Diphenyleneiodonium chloride inhibits MYCN-amplified neuroblastoma by targeting MYCN induced mitochondrial alterations

High-risk neuroblastoma is one of the most lethal childhood cancers. Half of these tumors are driven by MYCN gene amplification (MNA). Despite intensive chemo- and radiotherapy, only 40% of patients survive, and they often suffer from long-term side effects of these genotoxic treatments. Thus, less toxic and more efficacious therapies are needed. Here, we identified diphenyleneiodonium chloride (DPI) as tool compound that preferentially targeted MNA neuroblastoma.

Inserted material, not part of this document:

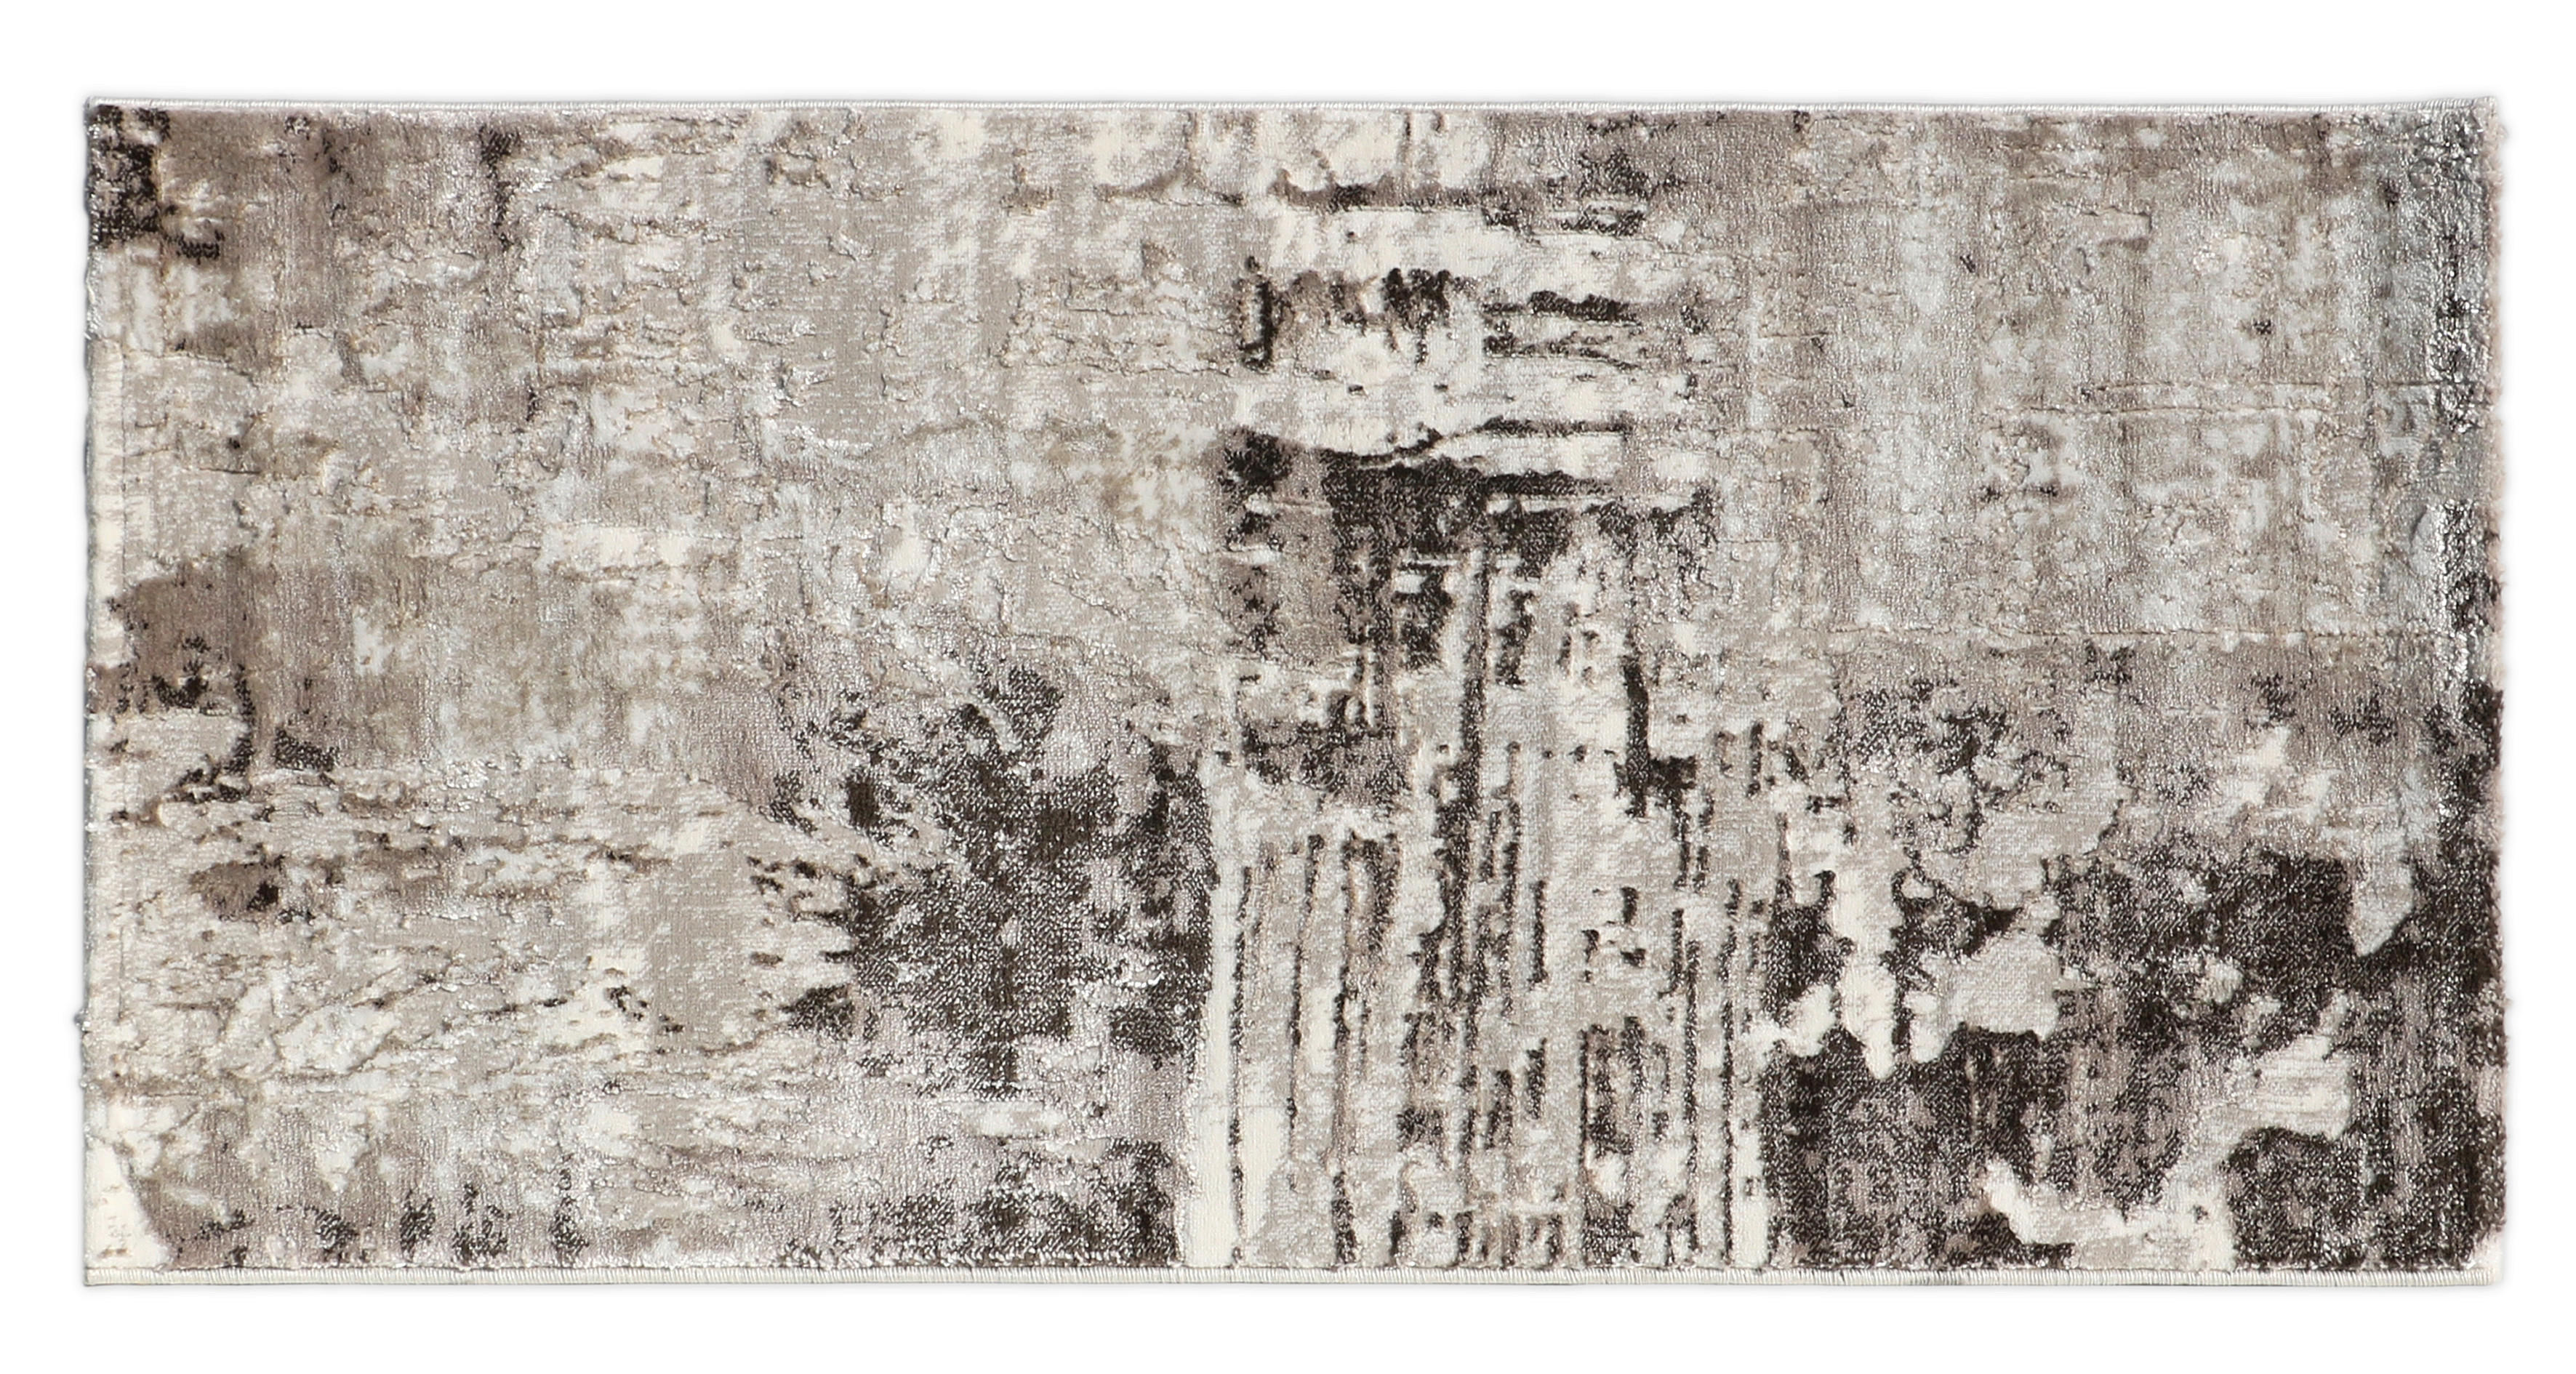 KOBEREC TKANÝ NA PLOCHO, 160/230 cm, šedá, béžová - šedá,béžová - textil

Using proteomic and metabolomic assays we investigated the DPI mode of action, finding that DPI could target alterations induced by MNA. These included cell cycle progression, DNA repair pathways, and profound changes in the expression of proteins participating in the mitochondrial electron transport chain. In addition, DPI also downregulated MYCN protein levels preferentially in MNA cells. Metabolic and biological assays suggested that alterations in mitochondrial function and the associated production of reactive oxygen species are critical DPI targets. DPI reduced the proliferation, survival, and malignant transformation of MNA neuroblastoma cells. DPI also shrank tumors and prevented metastatic spread in zebrafish models of neuroblastoma. These findings suggest that processes impacted by DPI could be valuable new targets for the development of non-genotoxic drugs against MNA neuroblastoma.